Jobs report: Gains overall, but losses in the public sector
Losses in the public sector provided a sour note in a generally upbeat jobs report from the Bureau of Labor Statistics (BLS), according to The Washington Post. While the overall economy added jobs in January, the public sector lost jobs for the third consecutive month, continuing a trend of the public sector slowing down a gradually improving economy.
Employers added 157,000 jobs in January, according to the BLS report. Revised estimates from previous months also showed much higher overall job creation than first reported, with the economy adding 247,000 jobs in November and 196,000 in December. Those figures represented a combined 127,000 jobs above earlier estimates, according to the Post.
But while the private sector added 166,000 jobs in January, the public sector continued bleeding jobs. Public sector employment fell by 9,000 jobs in January, 6,000 in December and 9,000 in November.

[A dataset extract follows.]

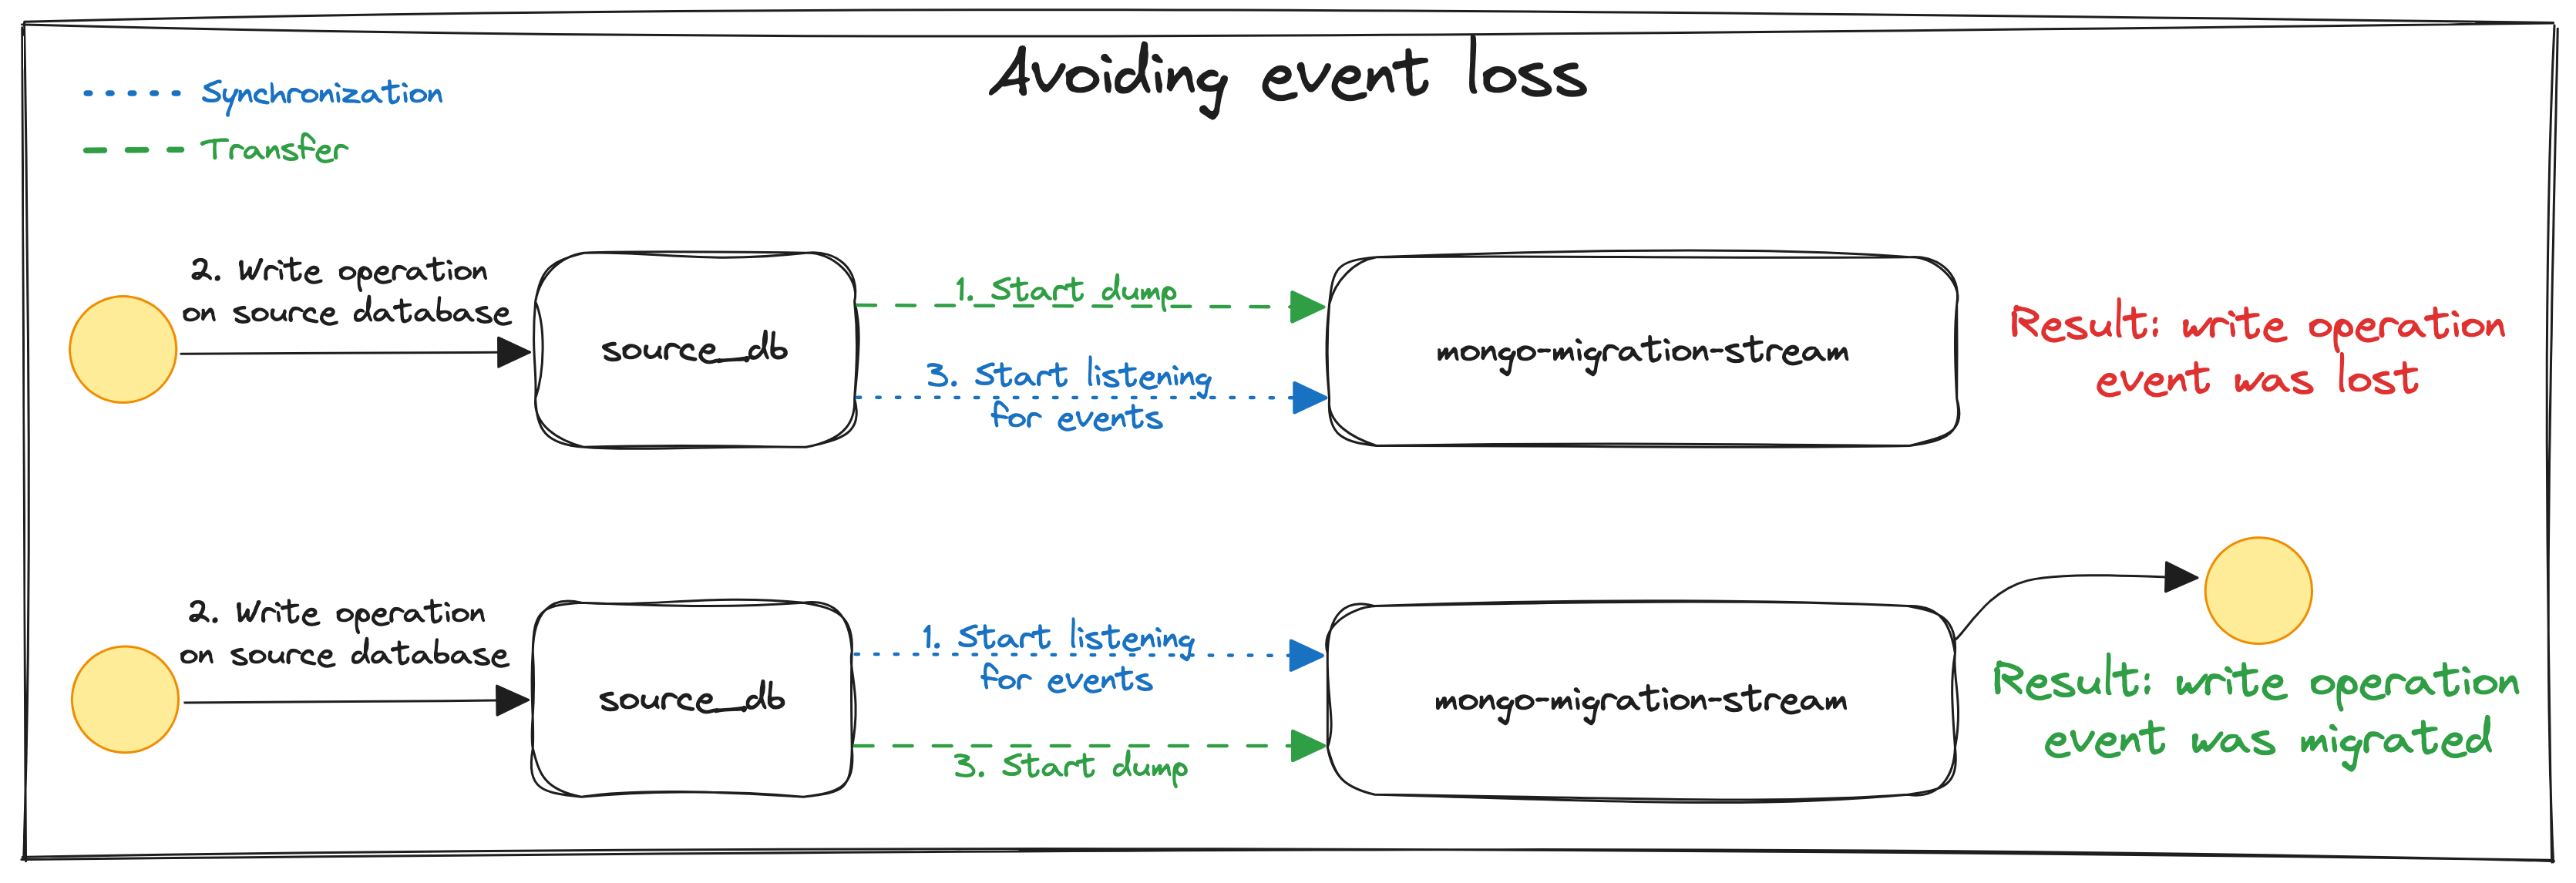 Avoiding event loss

Prospects loom for further losses in the public sector as Congress approaches a March 1 deadline for so-called sequestration cuts in federal spending, including funding for a range of state and local government programs.
Various analyses have consistently shown a declining public sector lagging an overall economic recovery. On Wednesday, the Commerce Department’s Bureau of Economic Analysis announced that deep government spending cuts, primarily in defense, caused the nation’s economy to shrink by 0.1 percent in the third quarter of 2012.
An earlier report from the Labor Department showed that the rate of union membership for U.S. workers has fallen to an all-time low, a decline fueled primarily by public sector job losses on the local level. Since September 2008, cities and counties have chopped more than 500,000 positions, the greatest reduction on record.